Omit all pictures, and print word for word only the lines from the one containing "PREMIER покажет комедийный" through the end of the data.

## INFORMATION SUPPLIED
=== Section Start ===

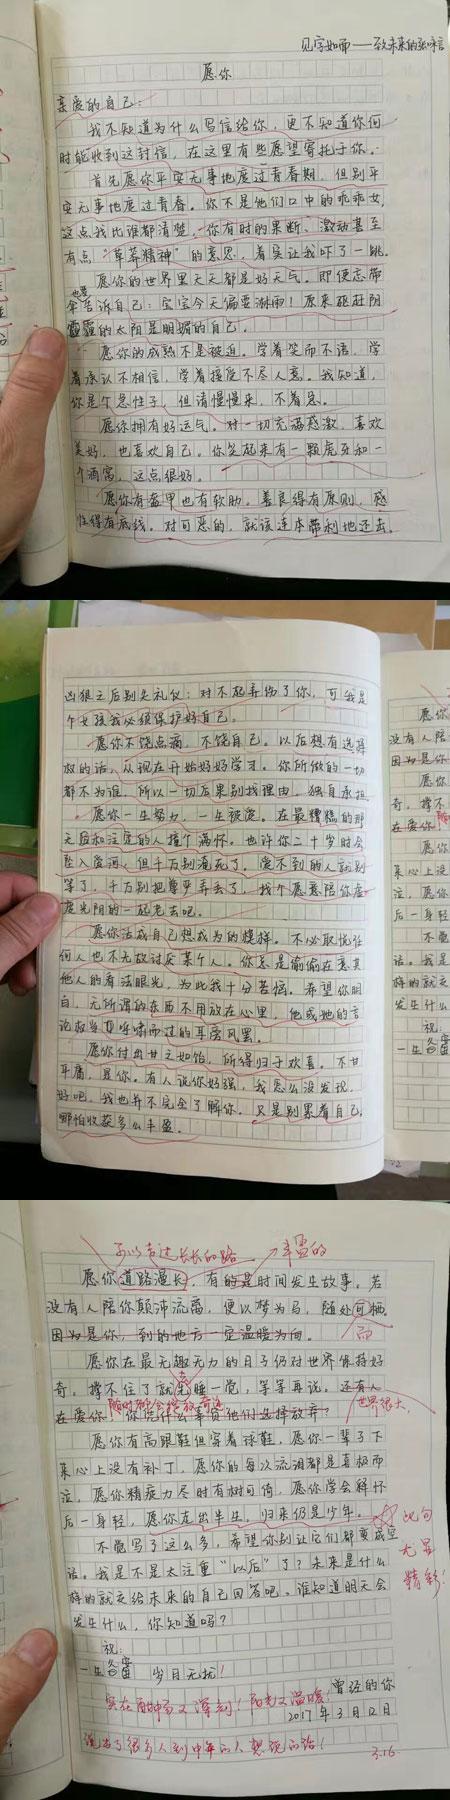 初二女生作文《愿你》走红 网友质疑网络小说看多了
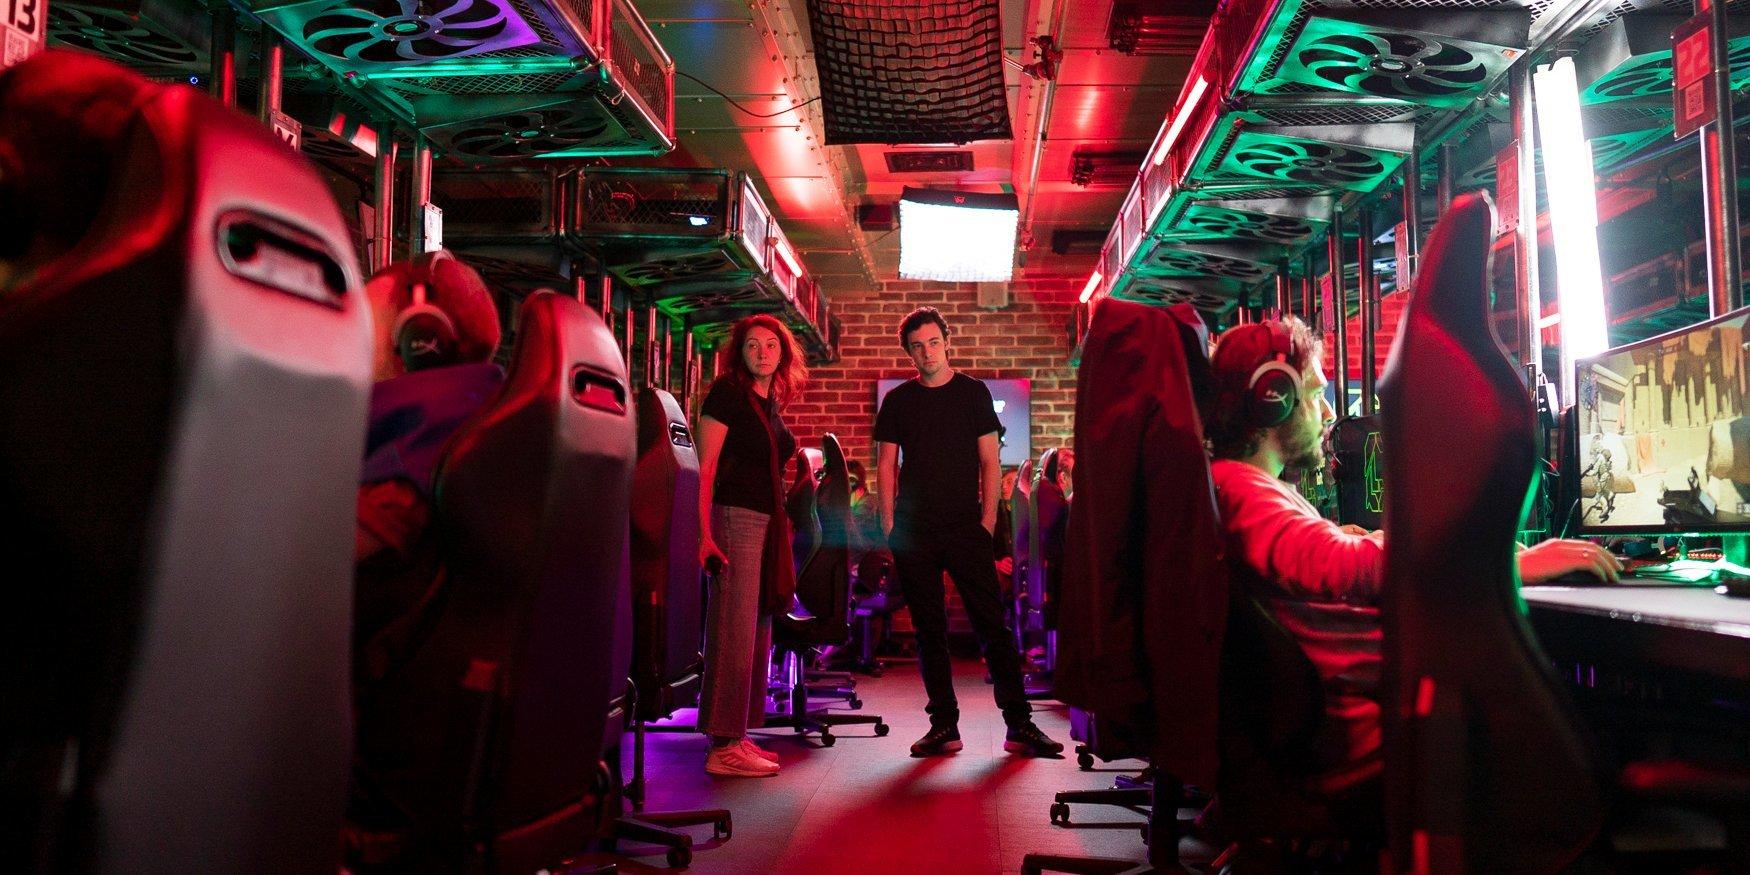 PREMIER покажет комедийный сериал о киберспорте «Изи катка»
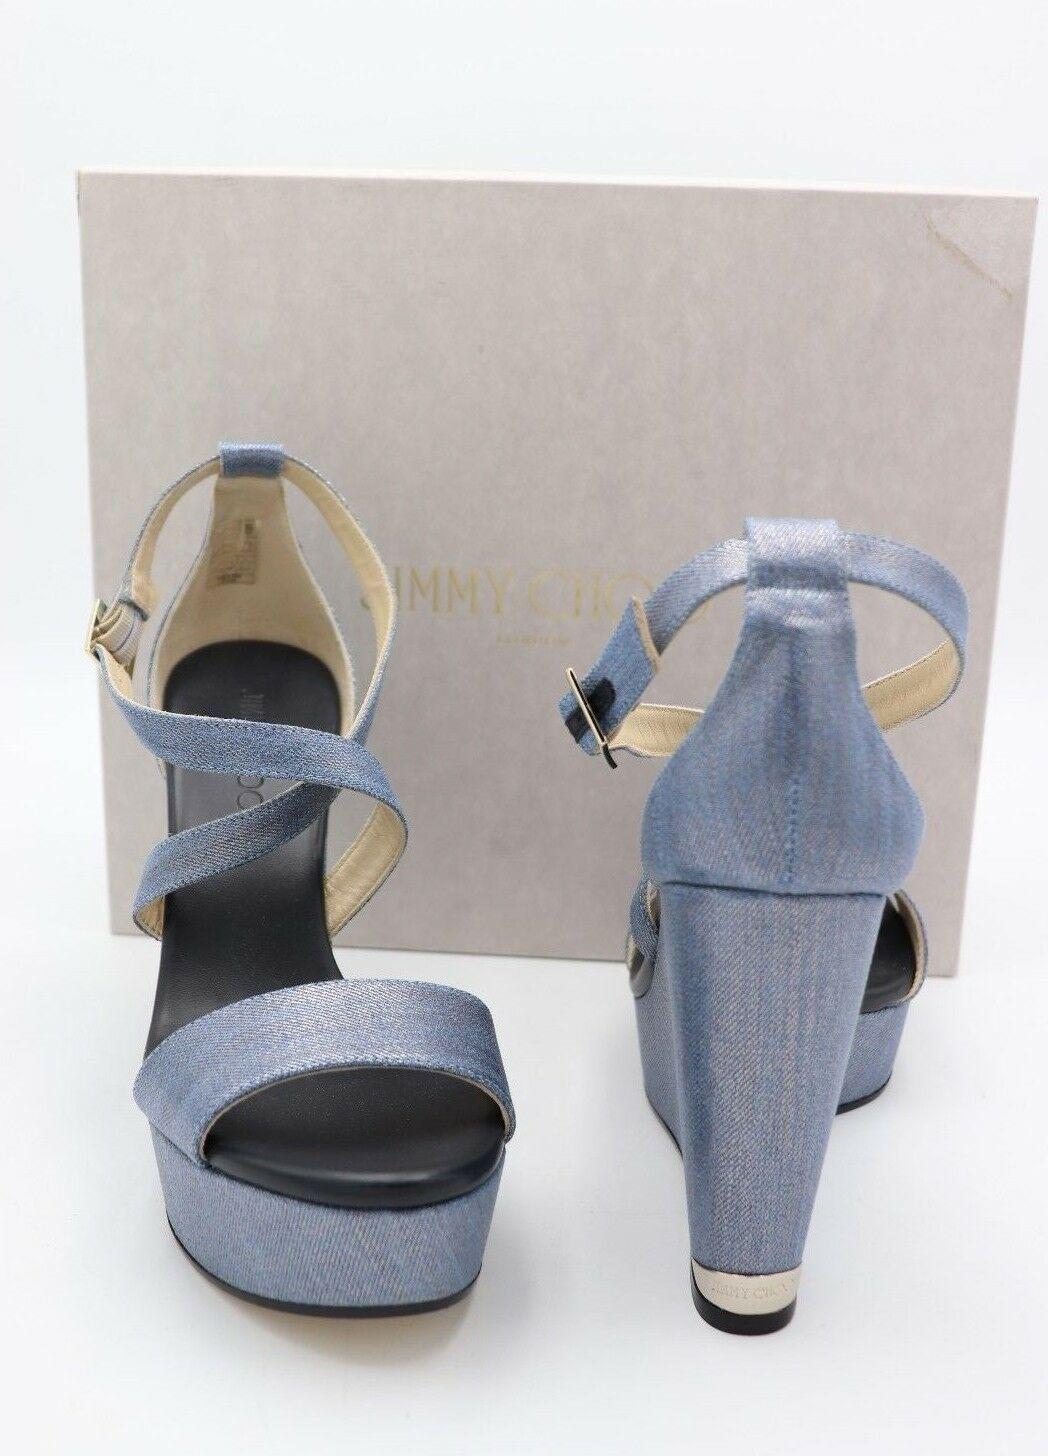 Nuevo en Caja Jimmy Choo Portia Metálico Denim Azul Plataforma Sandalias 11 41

=== Section End ===

## THE ANSWER
 PREMIER покажет комедийный сериал о киберспорте «Изи катка»
 Nuevo en Caja Jimmy Choo Portia Metálico Denim Azul Plataforma Sandalias 11 41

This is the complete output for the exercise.